The largest freshwater turtle varies with the source. The alligator snapping turtle is regarded as the largest snapping turtle. The largest alligator snapping turtle on record was a 249-pound (113-kg) snapper.

The Asian narrow-headed softshell (Chitra chitra) is also considered to be one of the largest if not the largest freshwater turtle in the world. This turtle reaches a mass/weight of 550.66 pounds (250 kg) and a length of 75.59 inches (192 cm) according to ADW. With this species, females are larger than males.

Conclusion

There are five species of snapping turtles, but only two of these are well-known and commonly kept as pets. Those two are the alligator snapping turtle and the common snapping turtle. The other three lesser-known turtles are the Suwannee, the Central American, and the South American snapping turtles.

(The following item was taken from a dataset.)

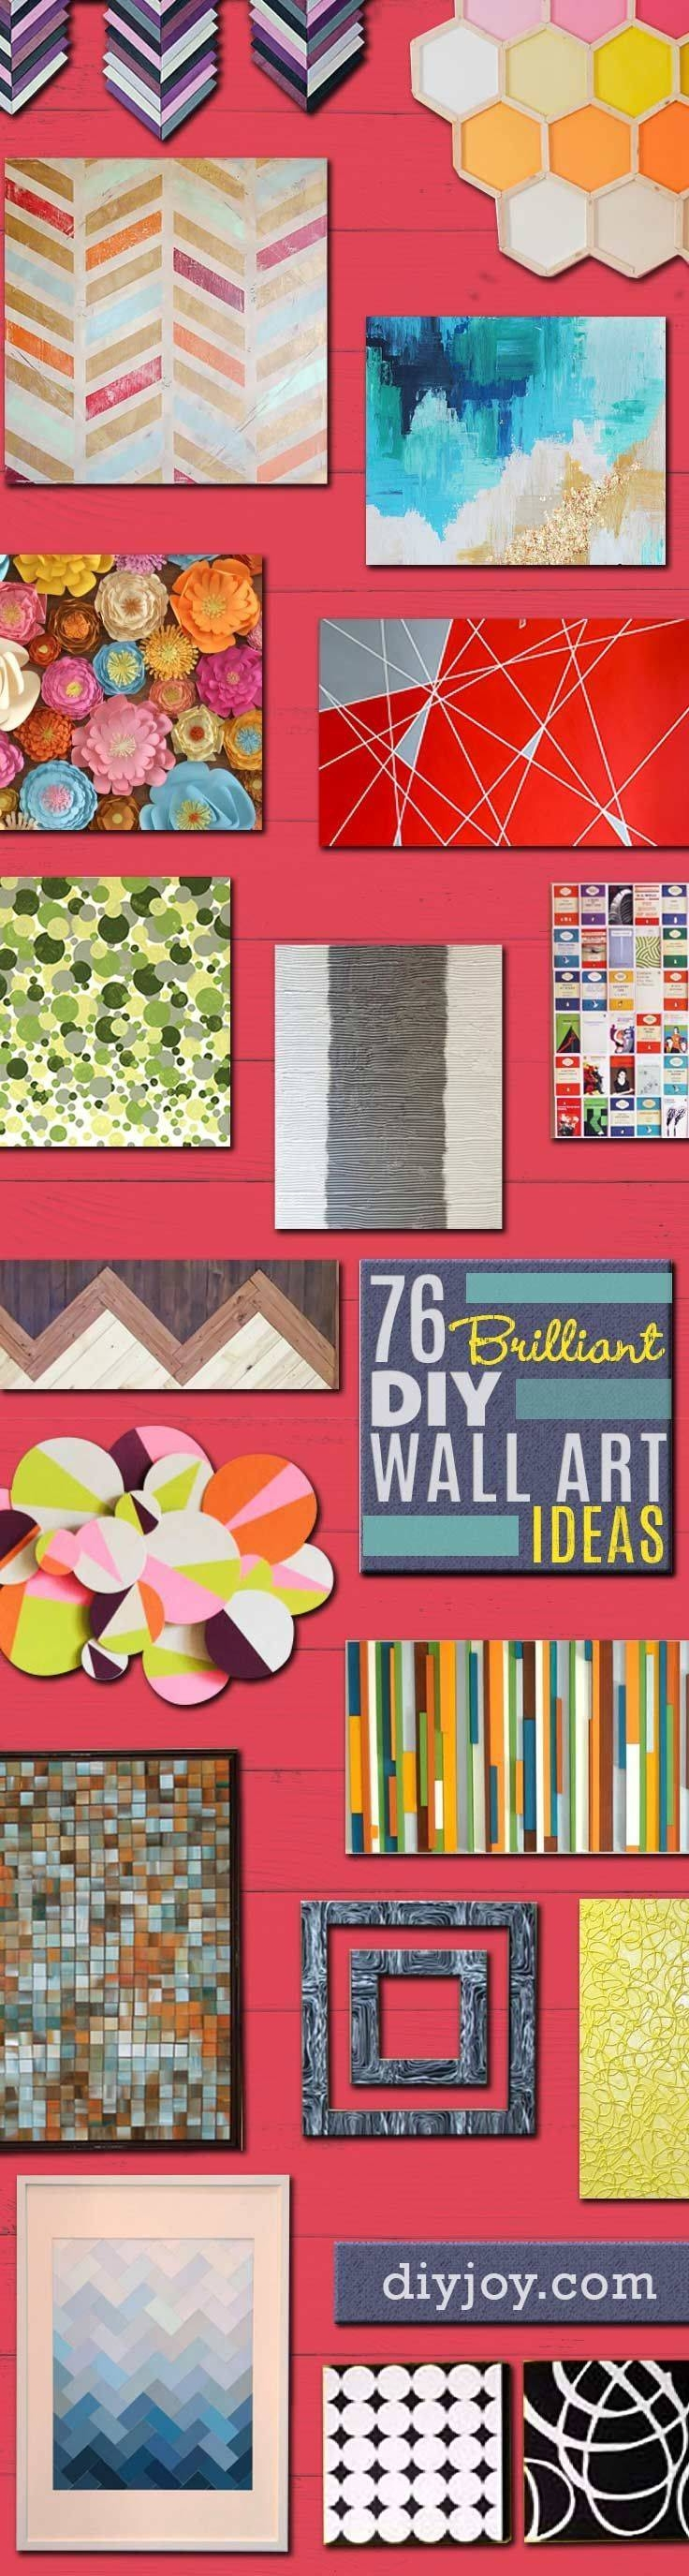 Best 25+ Wall Art Decor Ideas On Pinterest | Art Decor, Home Wall Inside Most Recently Released Pinterest Wall Art Decor (View 19 of 25)
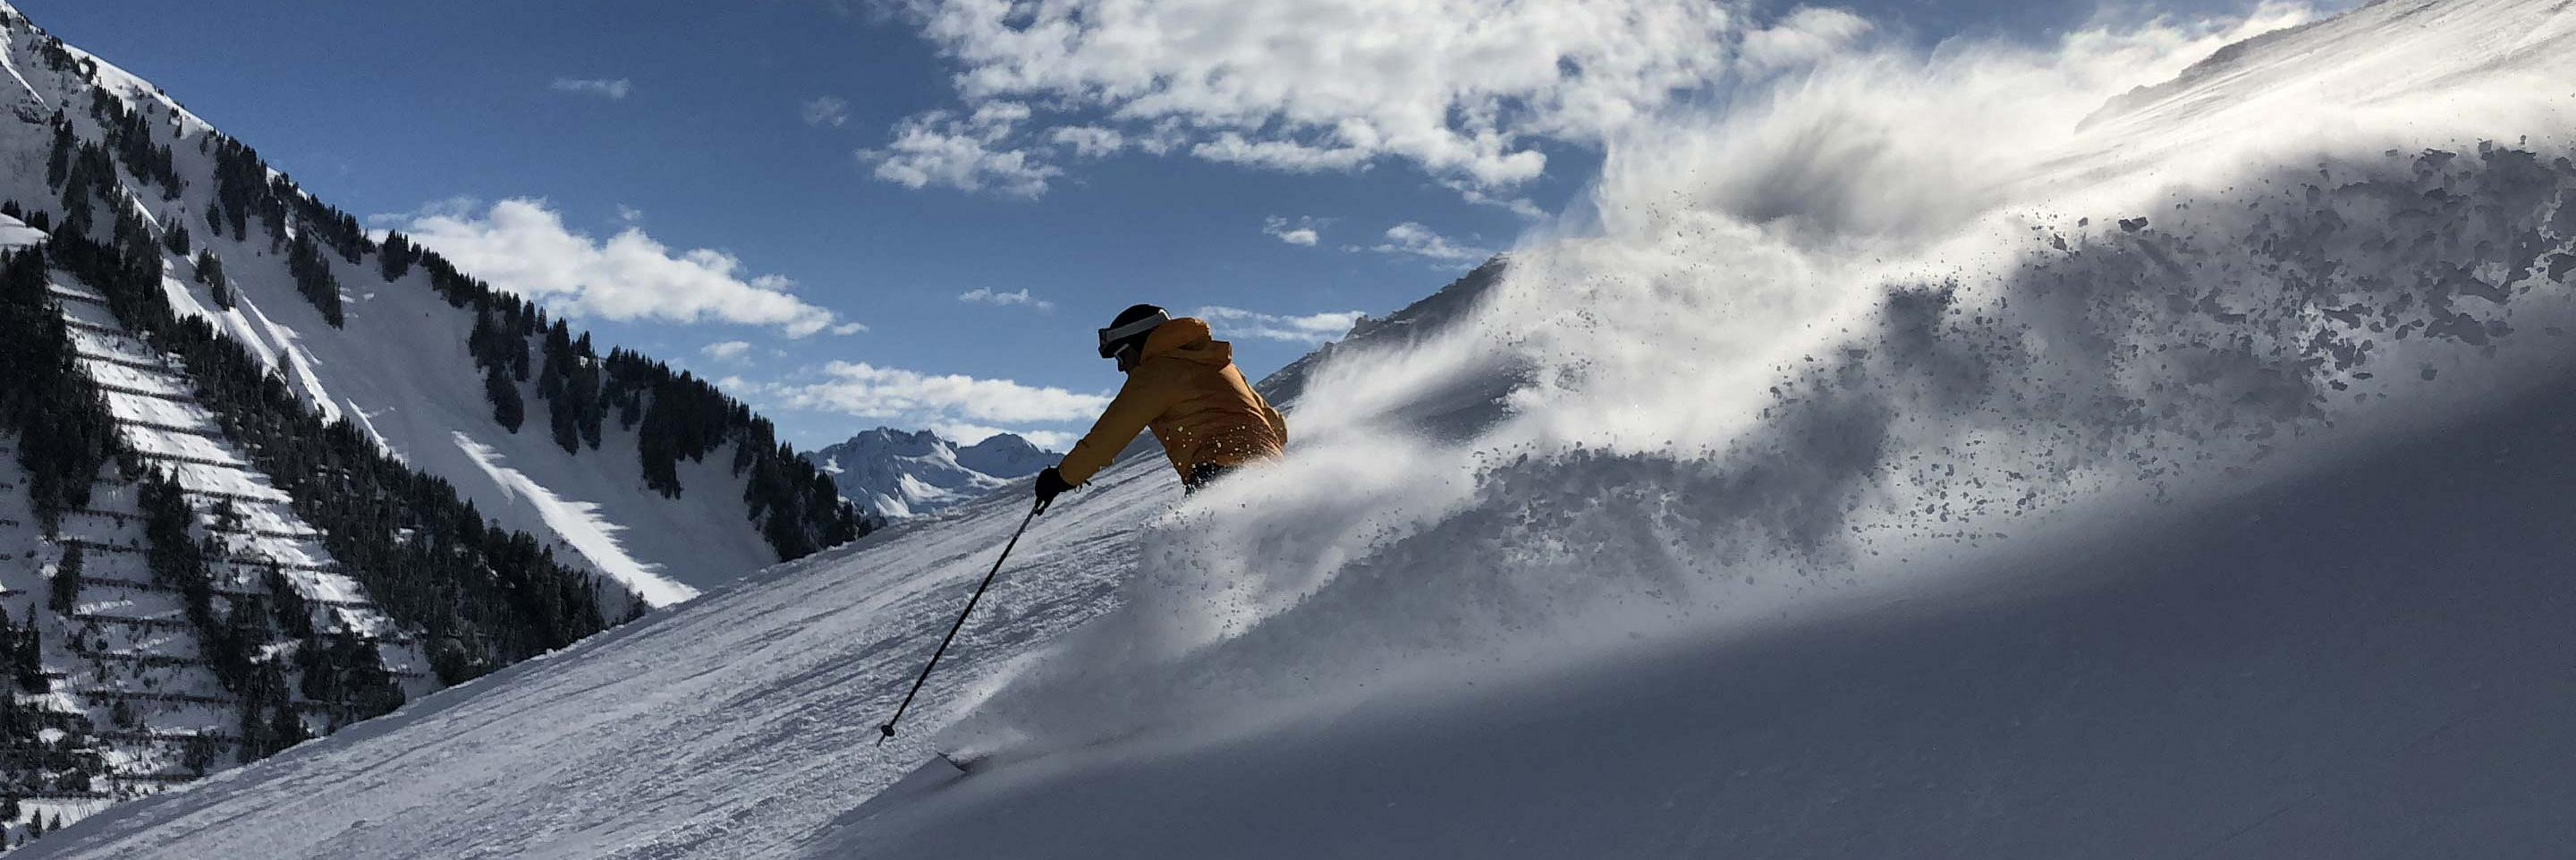 Wintersport im Rotwandblick

The alligator snapping turtle reaches a weight/mass of 176 pounds or 80 kg and a carapace length of 40 inches (101.6 cm) and the largest alligator snapping turtle on record reached a weight of 249 pounds (113 kg).

The common snapping turtle is smaller, reaching an average mass of 35.3 pounds (16 kg) and a carapace length of 18.5 inches.

The Suwannee snapper is similar in appearance and size to the alligator snapping turtle, while the Central American and South American snappers are similar in appearance and size to the common snapping turtle.

They’re all pretty big, as you can see, so if you’re considering a snapping turtle as a pet, then you’d better get started putting together their enclosure – it’s going to need to be substantial!